1. I recently mentioned a pair of papers that presented conflicting results about the relative effective population sizes of the X chromosome and the autosomes. In this paper, the authors write:
Interestingly, we observed a significantly higher degree of divergence in allele frequency across X chromosome SNPs where we estimate FST to be 9.7%. This value is about 40% higher than the expected value of 6.8% derived from a many-deme island model and accounting for the 4:3 ratio of autosomes to sex chromosome. The higher degree of population divergence at X chromosome SNPs suggests a smaller effective population size of the X than that predicted from Mendelian genetics.
This is additional evidence that the observation that needs to be explained is a lower Ne on the X chromosomes as compared to the autosomes, rather than the reverse.

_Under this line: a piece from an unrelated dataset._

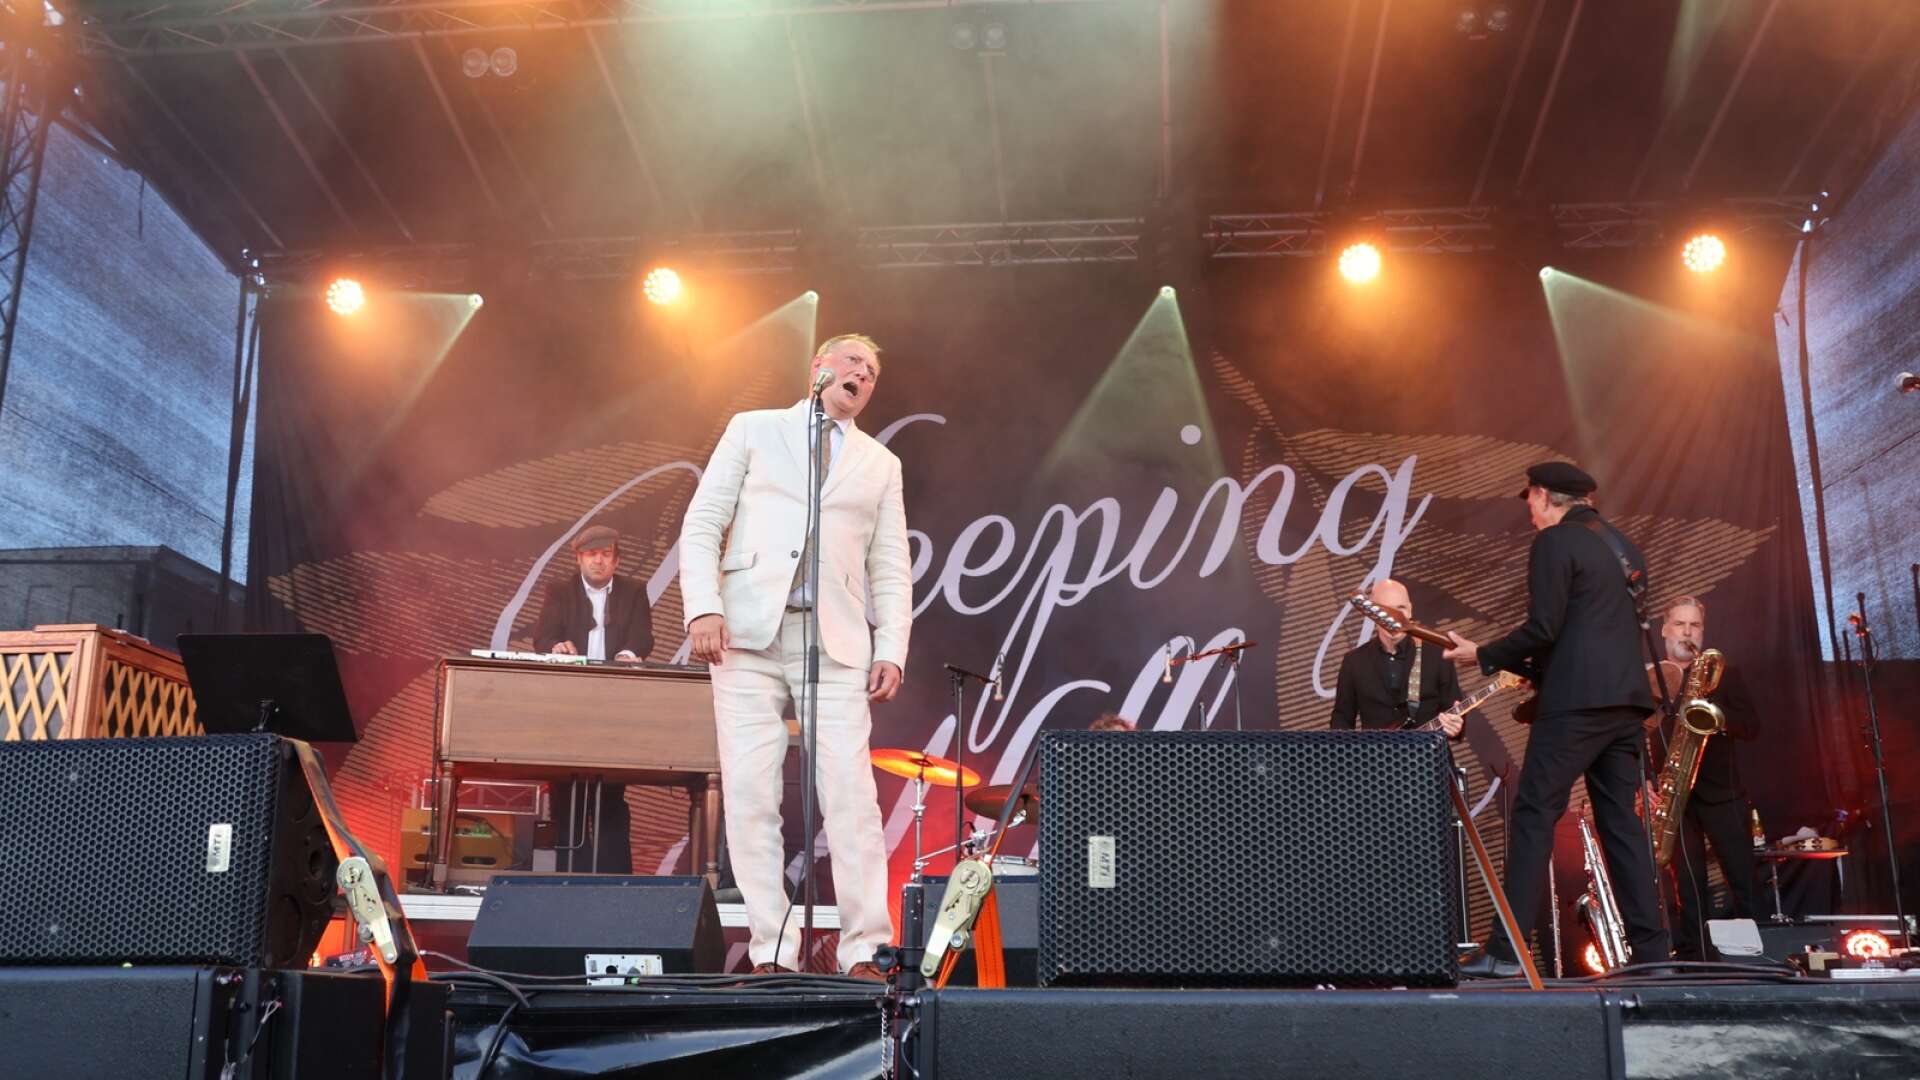 Sångaren Magnus Carlsson och bandet Weeping Willows gästade Countryfestivalen i Ed och bjöd på fantastisk underhållning.

2. Within Europe, the authors find that, in general, haplotype diversity decreases from the south to the north, an observation consistent with expansion from the Middle East into Europe via a series of serial bottlenecks. However, there is high haplotype diversity in Southwestern Europe, which is inconsistent with such a simple model. The authors show that many of the SW European haplotypes match up with those in Africa, suggesting recent migration directly from Africa across the Mediterranean could partially explain this phenomenon.

I may have more to say once the Supplementary Information are available online, but this is a nice example of leveraging samples collected for medical genetics studies around the world for further understanding in population genetics.